Two types of questions here, however it is a good idea to use key descriptors like E and Z, R or S, cis or trans, numbering, functional group etc. to help screen the answers before getting too tied up in the words. For the first four, name the compound and then match it to the list, for the last four use the key descriptors and check each molecule in turn. So this section really depends on the nomenclature rules.

Qu24: An alkane with the longest chain C8, so an octane. There are two substituents, a simple ethyl group and a complex substituent, a 1,1-dimethylethyl group. These need to be numbered 4,5 and alphabetisation means that the dimethylethyl group is named before the ethyl group since the first letter in the brackets is used from complex substituents when alphabetising such systems. Hence, 4-(1,1-dimethylethyl)-5-ethyloctane (v1 B, v2 B)  
Qu25: The longest chain is C6, so a hexane. The principle functional group is a ketone, so the suffix "-one" is required but there is also an alkene that needs to the "ene" suffix. Number to give the ketone the lowest number means hex-4-en-3-one. The double bond is trans, so we have trans-hex-4-en-3-one (v1 B, v2 E)  
Qu26: The principle functional group is the alkene and those two C atoms need to be 1 and 2. It's a five membered ring (cyclopentene). Then the first point of difference rule requires that the system be numbered as a with the methyl group at C1 rather than C2. This means we have 5-ethyl-1-methylcyclopentene. (v1 B, v2 A)  
Qu27: The longest chain is C6, with an alkene as the principle functional group so a hexene. Need to number to give the alkene the lowest number, i.e. -2-ene. We have an isopropyl substituent which needs to be numbered as 3-. To determine the E/Z we need to prioritise the substituents at each end of the C=C. At the right hand end, the CH3 > H, at the left, the isopropyl (C to CCH) outranks the propyl (C to CHH). This means the higher priority groups the methyl and the isopropyl are on opposites sides (E). Hence we have E-3-isopropylhex-2-ene. (v1 A, v2 B)  
Qu28: All of the systems are ethers, it's all about the substituents.

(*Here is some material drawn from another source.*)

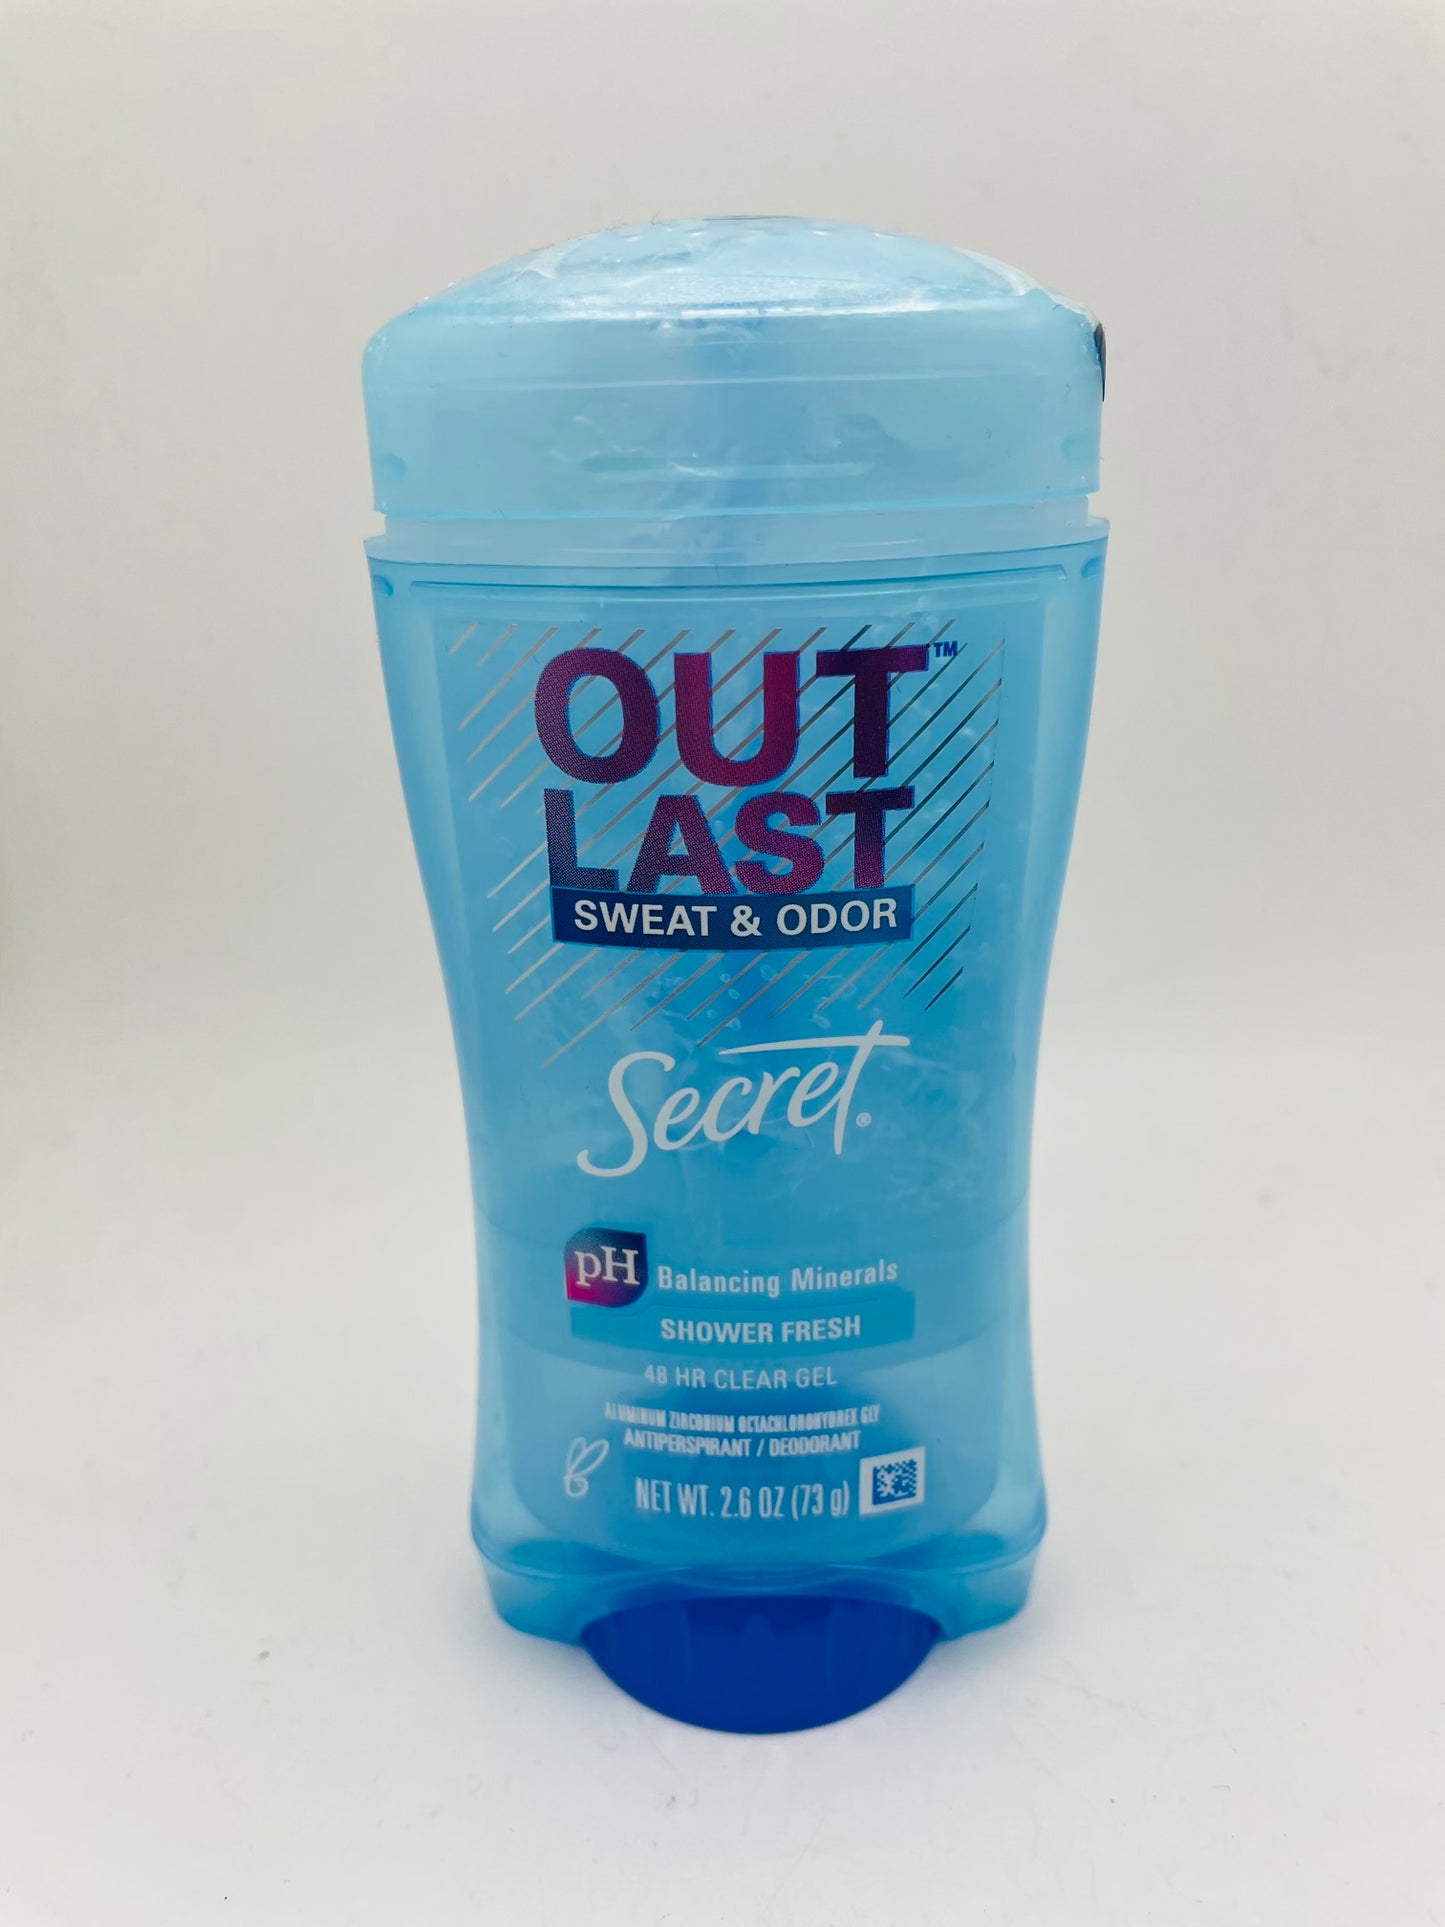 Secret out last sweat & odor

Benzyl is a C6H5CH2- and the C4 alkyl group is isobutyl which requires a methyl branch at the end of the chain (see figure). benzyl isobutyl ether
Qu29: Substituted benzenes, nitro is -NO2 and phenol is an aromatic alcohol, Ar-OH. ortho means the two groups are adjacent. -NH2 is an amine which would mean an aminobenzene or an aniline. o-nitrophenol

R/S stereochemistry and E/Z stereochemistry
Chirality center is marked with a *. Priority of groups there is Br > CBr > CC > H. With Br forwards, the chirality is R, so we need the Br to be back.
Double bond has CH3 > H and Br > C therefore, higher priority groups need to be on the same side = to be Z.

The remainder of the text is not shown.